World Bank reaffirms Rwanda’s low debt distress risk status

Rwanda’s debt level is at 32.9 per cent of GDP, which is below the critical threshold of 50 per cent.
Kigali Convention Centre
An aerial view of Kigali Convention Centre and its environs in Kimihurura. The World Bank says Rwanda’s debt status remains in low risk distress zone. / Emmanuel Kwizera

Rwanda is one of only four countries in Sub-Saharan Africa with low risk of debt distress, the World Bank has said.

The Bank rates countries' risk of distress, which is categorised as high, moderate, in-distress, or low.

Aghassi Mkrtchyan, a Senior Economist at the World Bank, said Rwanda maintains a low debt distress through careful borrowing, proper loan management and high economic growth.

He was speaking to The New Times on the sidelines of 14th World Bank Rwanda Economic Update in the capital Kigali.  

This comes at a time a majority of countries on the continent are said to be incurring more debt than they can handle partly due to terms of debt.

Rwanda’s debt level is at 32.9 per cent of GDP. 32.9 per cent is below the critical EAC threshold of 50 per cent. 

Other low debt distress countries in Sub-Saharan Africa include Senegal, Tanzania, and Senegal.

The Ministry of Finance said in March that the country is able to keep its debt level low largely because of prioritisation of strategic projects and quality of the financiers.

The Government prefers concessional loans as opposed to market value loans, it said.

A concessional loan is credit that is extended on terms that are substantially more generous than market loans and are usually from international development financiers such as the World Bank and African Development Bank.

The loans have low interest rates and long grace periods with the possibility of further review.

On the other hand, market value loans are not only expensive but have shorter payment durations.

The share of concessional loans in the total debt stock stood at 63 per cent as of end 2018.

Mkrtchyan said that Rwanda still has room to borrow more to finance development projects given that recent investments have shown a high return on investment.

The International Monetary Fund (IMF) in March said that Rwanda has shown prudent management of its debt while it continues to register notable progress in sustaining high and inclusive growth.

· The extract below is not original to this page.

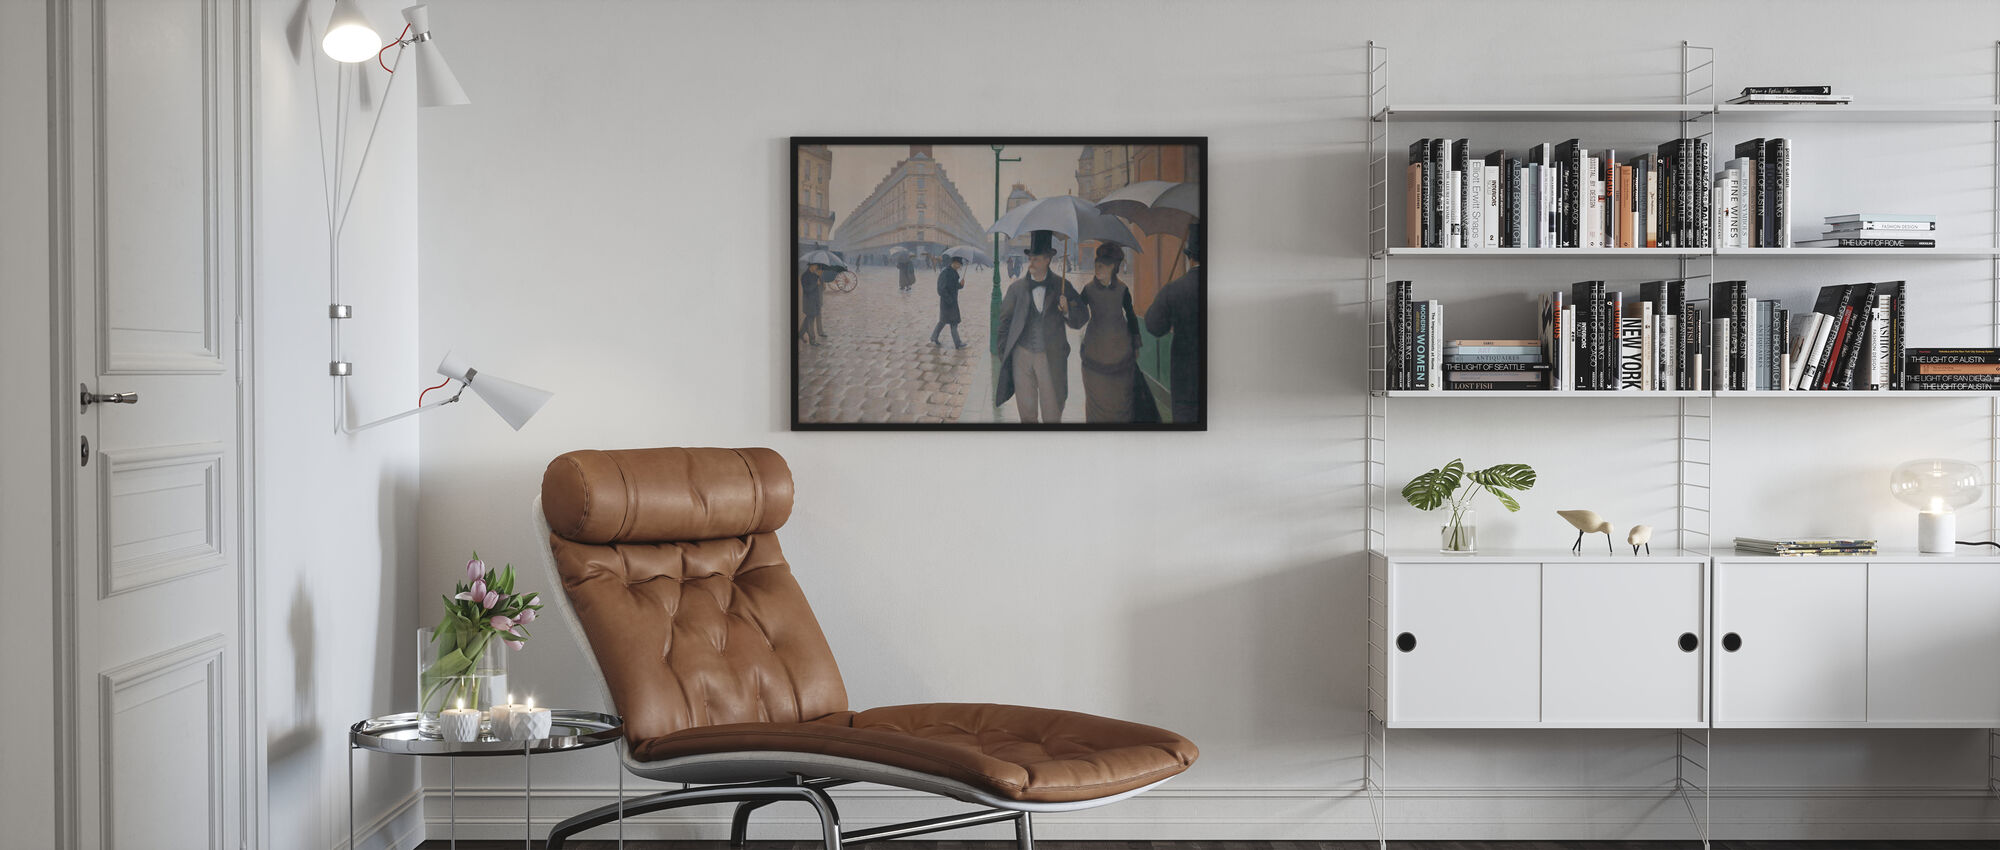 Paris Street - Gustave Caillebotte - Poster - Vardagsrum

The economy grew by 8.6 per cent in 2018 driven by robust activities across different sectors of the economy and it is expected to grow by 7.8 per cent in 2019.

The World Bank Rwanda Economic Update released Tuesday confirmed that the economy expanded at 8.6 percent in 2018, adding that the headline inflation remained low at 1.2 percent as of March 2019. 

The report also forecasts favourable economic outlook with growth expected to be in the range of 7.6 to 8 per cent annually.